Öredev 2011–My Summary of Day 1

Today, Wednesday, was day 1 for me at Öredev (there were two tutorial days on Monday and Tuesday which I did not attend). It’s been really great so far, so thank you Active Solution for sending me. I have taken tons of notes so hopefully I can squeeze all of those into an interesting summary. It started with a fun keynote from Alexis Ohanian, a co-founder of Reddit, about starting a company and delighting your customers. And ended with a thought provoking keynote by Neal Ford from Thoughtworks entitled the Abstraction Distraction. Very relevant for all programmers, as we work daily with abstractions and most (or all) of them leak. I absolutely loved his onion skin api concept. He used Active Record in Ruby on Rails and Git as examples, the idea being that you can used Active Record at the highest level for 80% of all cases but for the other 20% it leaks the layer underneath in a good way so that it is easy to dive directly into writing SQL if needed.

All the sessions were good but I think my favourite session was Christian Johansen’s session on Test-driven Javascript (see review below).

So here is my summary in chronological order of all the sessions I attended.

C# 5: Async 101

Jon Skeet investigated the new async feature keywords coming in .NET 5. He did this by using following the spec for .NET 5 and implementing it himself using .NET 4. Impressively geeky. Check out his blog series describing his EduAsync project. Jon is very English in a Black Adder/Monty Python fashion which when combined with the geekiness of deep-diving into how the C# compiler works, made for a strange and interesting session.


Yehuda Katz, a core committer on the jQuery, Ruby on Rails and SproutCore projects, gave an introduction on just SproutCore. SproutCore is a Javascript MVC framework and a competitor to projects such as Backbone and KnockOut.js. Yehuda was pretty low-key and took the programming approach to showing off SproutCore. He had a really cool slide deck build with SproutCore which had an inbuilt console for live coding of SproutCore examples. And this, more than what he said, really showcased SproutCore. It builds on bindings to SproutCore objects or raw Javascript objects which make it really easy to make views update automatically. I could definitely see the benefits and will probably be using this or one of the other similar projects in the near future.

Resty Galore

I follow Sebastien Lambla (@serialseb ) on Twitter and chose to go this session because I was intrigued by this quote “Now, time to take pictures of that unicorn…” at 3 o’clock at night. I felt I couldn’t miss REST combined with unicorns and it was even better than I imagined. Sebastien used a secret agent unicorn named Resty Galore to illustrate links and forms in REST. Resty Galore had a mission to get to Malmö from Paris implemented as a series of http requests and responses. The first implementation was very procedural and rigid so Sebastien proceeded to introduce links and forms to reduce coupling in the workflow. At the beginning of the session I was wondering how would I ever apply this in my real life projects but by the end I had a few ideas about where I could use it. Any project with a lot of jQuery ajax calls and callbacks could potentially reap benefits of this approach. Intriguing is the right word here. More investigation required on my part.

Building mobile web apps using ASP.NET MVC 4, HTML 5 and jQuery Mobile

Phil Haack from the ASP.NET MVC team at Microsoft presented on the new mobile features coming in ASP.NET MVC 4. He started with Adaptive Rendering of current web pages so that they look better on mobile devices.

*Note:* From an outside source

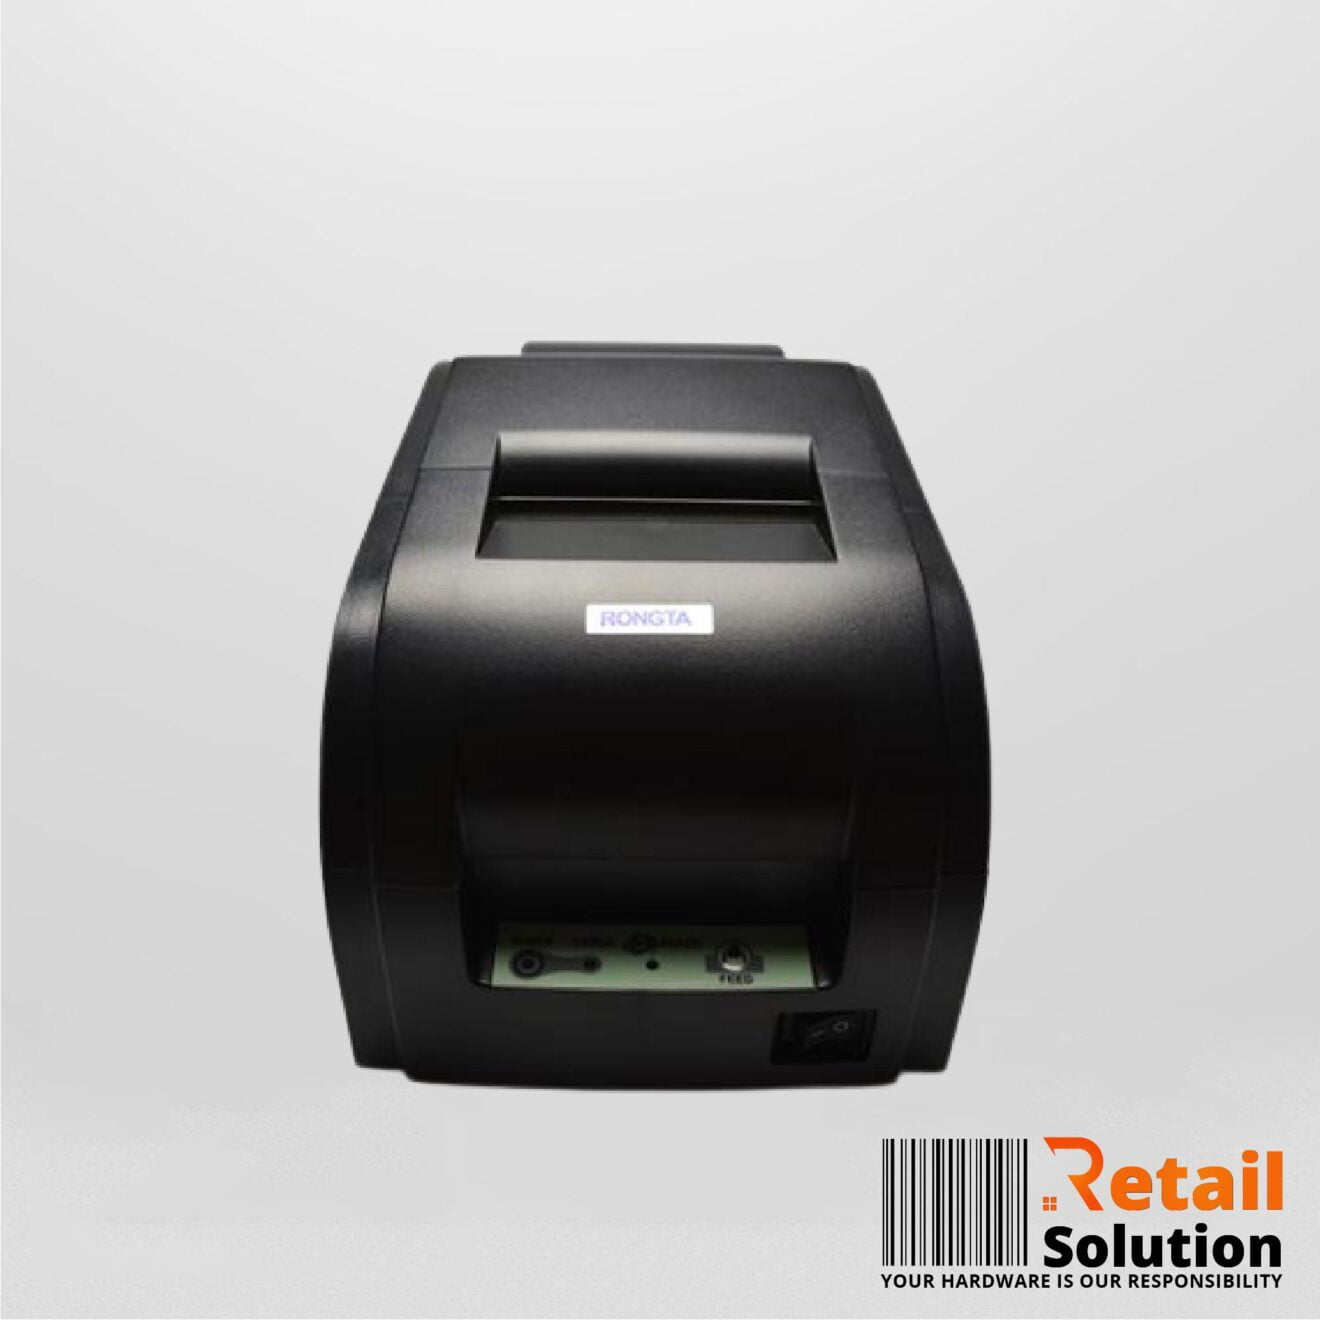 Rongta Rp330 Thermal Receipt Printer Retail Solution 6616
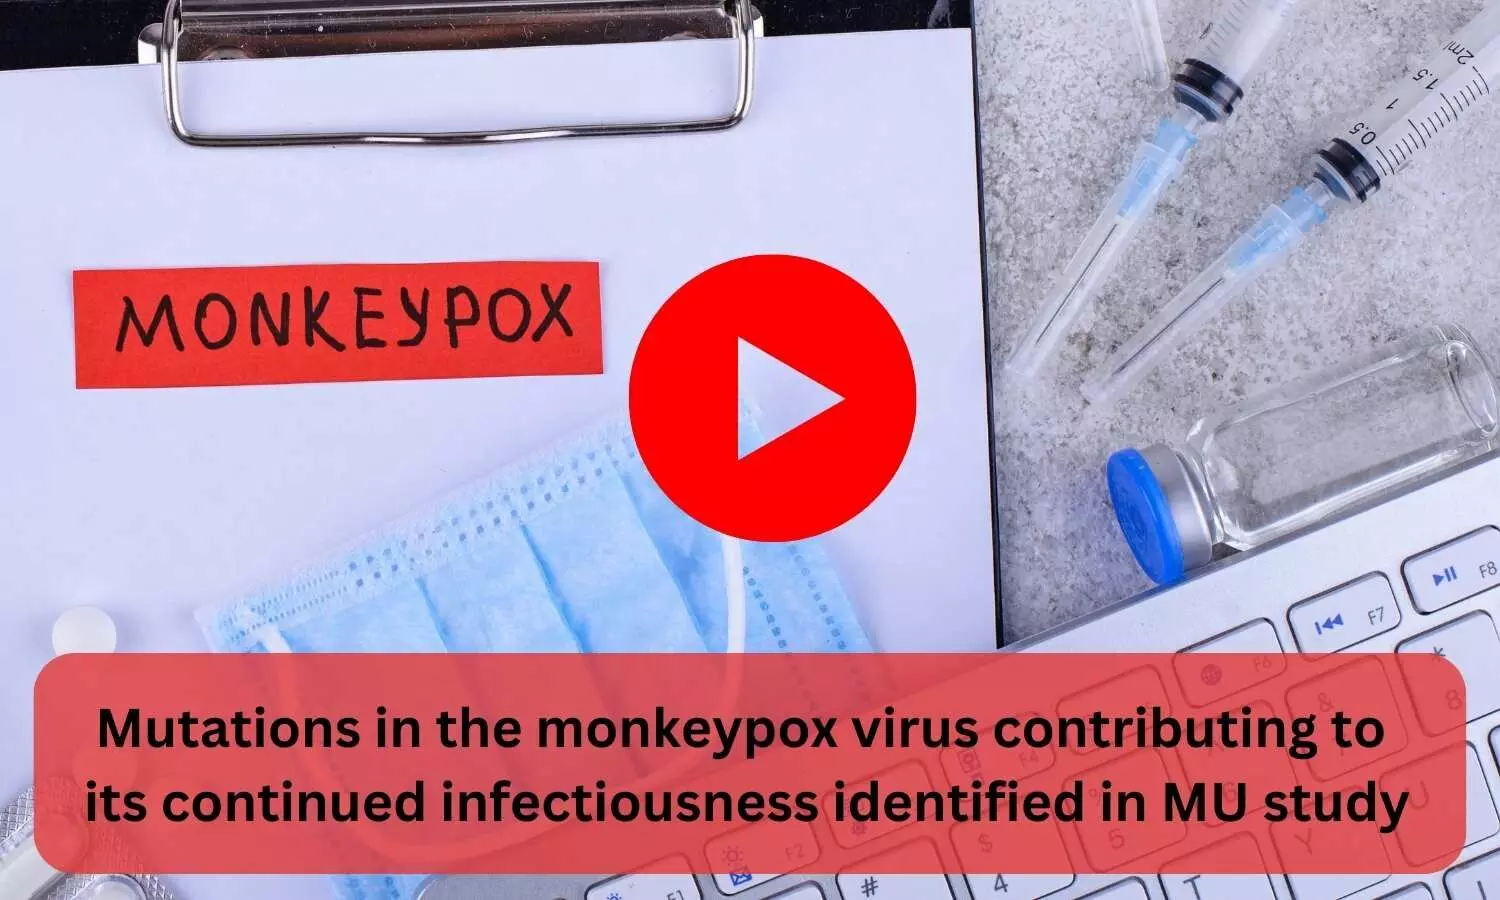 Mutations in the monkeypox virus contributing to its continued infectiousness identified in MU study

MVC 4 will have a new default template which by using CSS 3 will change the layout automatically when the viewing device’s screen  is narrower than 850 pixels. Next up was a new DisplayMode features with which you can create pages specifically for a mobile device i.e. Iphone or Android. Phil then showed some jQuery Mobile stuff which is very interesting and feels like it will be how I get started with mobile development. And then lastly he showed off some of the new HTML 5 offline capabilities of jQuery Mobile. See this website here, connect once and then go offline to test it yourself!

Test Driving Javascript

Christian Johansen from Gitorious showed off some mad Javascript skills at this session. The programmer in me was very impressed. He built a jQuery plugin for autocomplete of a search for film database using TDD. Using js-test-driver, a unit testing framework, and sinon, a mocking framework, Christian used a fine-grained Test Driven approach to coding the plugin. He started with one large functional test that failed and then wrote around 10 unit tests to drive the design. And the revelation was that the process was exactly the same as using TDD in any other language. He used constructor injection to get rid of a jQuery ajax dependency in a class and he used sinon to stub out the ajax calls and to stub out the timing issues. I will be buying his new Test-Driven Javascript Development book. js-test-driver works well with Continuous Integration servers so no excuses; it’s time for me to TDD my Javascript as well.


The last session of the day was about Node with Felix Geisendörfer, one of the core committers. It was a nice little introduction to Node where Felix showed off the various killer features of Node; Websockets, proxying data streams and parallelizing I/O and more. It has just been ported to Windows and the integration with IIS has begun so I will probably be using this sometime in the future. But not this year, so this is one technology that I’ll look at again when it is a bit more established on the Windows platform.